A sobering report to Hamilton Council on affordable housing warns that the city could be on the hook for tens of millions of dollars if the Ford Government’s More Homes Built faster scheme stays as-is. With Bill23, the government has ordered that affordable housing projects be exempt from development fees. The exact impact on Hamilton has yet to be calculated, but staff released a list of affordable housing projects currently in the works that would have brought in development charges totaling $30,691,314, but which would be lost to the city with the housing bill just passed. Worse, staff say any number of future projects will also be exempt from development changes as long as they build housing units that rent at 80 percent of the going rate.
The report states, “To have a significant impact on the housing crisis, on its own, the City of Hamilton cannot be a sole investor or funder of the solution to build new affordable housing. Success requires a partnership between the Federal and Provincial governments, the City and the affordable housing provider will require innovative financing models, new investment partners and creative financing solutions to create viable projects… As the need for supplemental funding for affordable housing and homelessness is escalated, municipalities are likewise left to address competing demands in transportation, infrastructure, inflationary pressures, as examples, against a regressive form of taxation.”
During the current budget deliberations council voted to allocate $4 million a year to help address the affordable housing crisis. The staff report says if the city were to bear the burden of building units alone—the $4 Million would only result in six to eight units. Staff are recommending that ways be explored to leverage the $4 Million with federal and provincial funding. When the housing bill was first announced the government hinted that municipalities might be compensated for lost development fees in some manner but the details have not been spelt out. Finance Minister Peter Bethlenfalvy is set to release his 2023 budget in a month and he has warned that his document will stress “restraint.” The province, in passing the housing bill, suggested that municipalities are sitting on billions of dollars in development funding reserves, but municipalities say that money is needed to provide roads and sewers for new growth. Critics of urban sprawl say the development fees and additional taxes generated by sprawl don’t cover the real cost of growth as it is.

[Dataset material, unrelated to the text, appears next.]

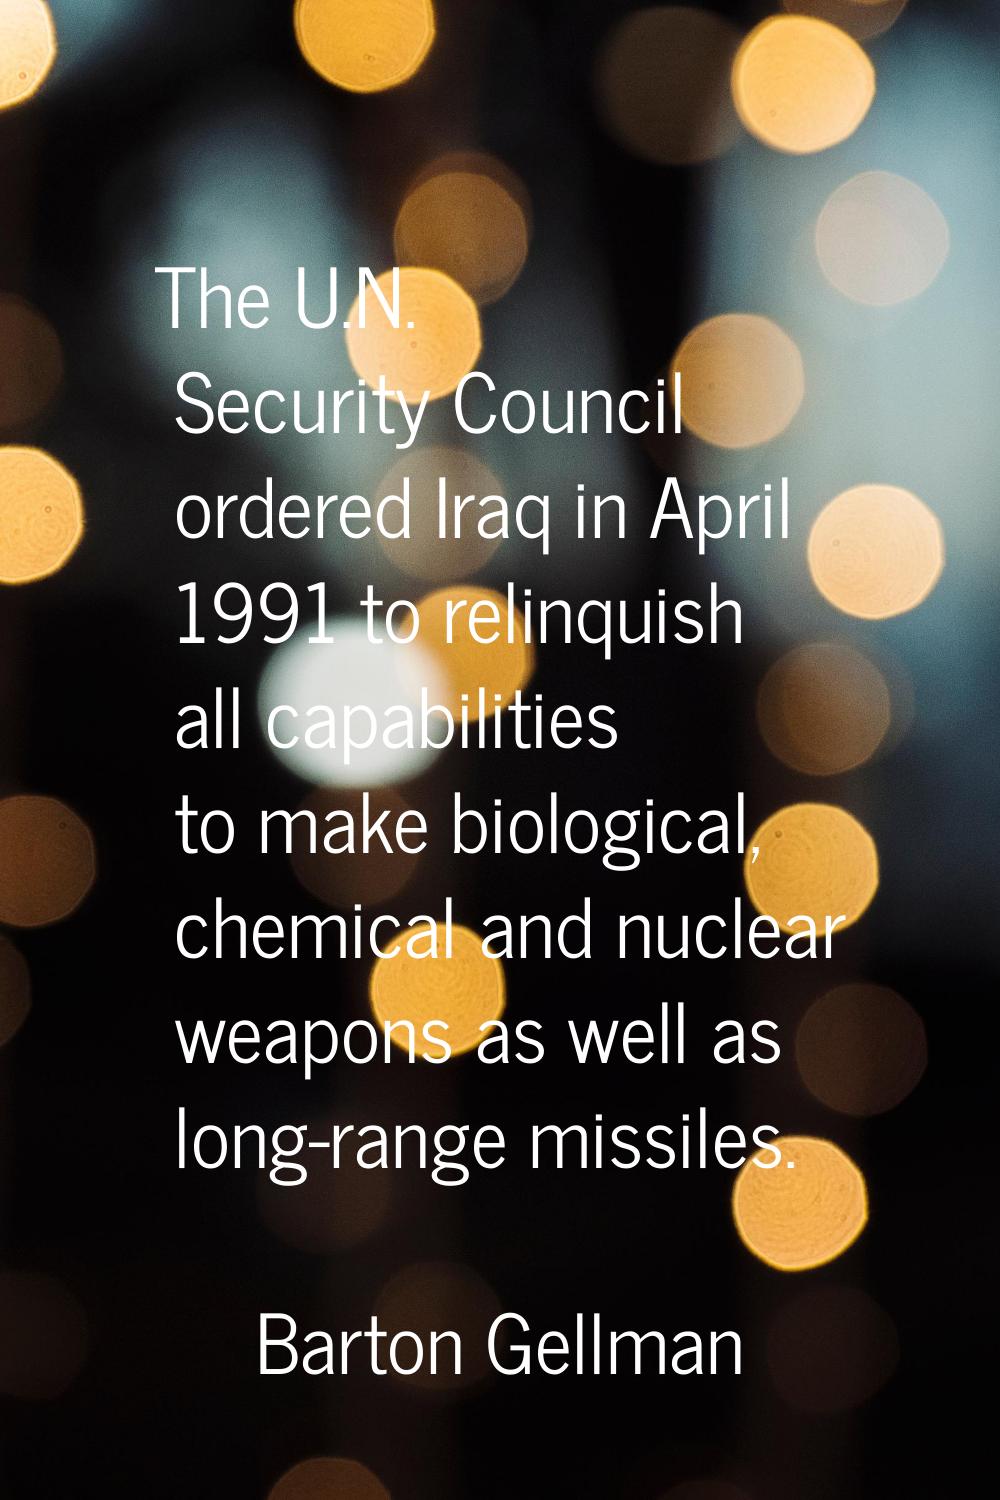 The U.N. Security Council ordered Iraq in April 1991 to relinquish all capabilities to make biologi

The report concludes, “while the development of purpose-built rental housing is a pressing matter, and the supply of housing is a shared interest, staff has concerns that many of the proposed changes to the DC Act through Bill 23…creates incentives to developers on the backs of municipalities and municipal taxpayers.”
The report provides another reason why Mayor Horwath needs to be unencumbered with anti-government council gestures, such as those proposed at Planning Committee, last week when she deals with the senior governments on this crisis.
The City should never have been charging development fees to below market affordable housing projects to begin with. This is a very positive change to help get shovels in the ground these desperately needed affordable housing projects.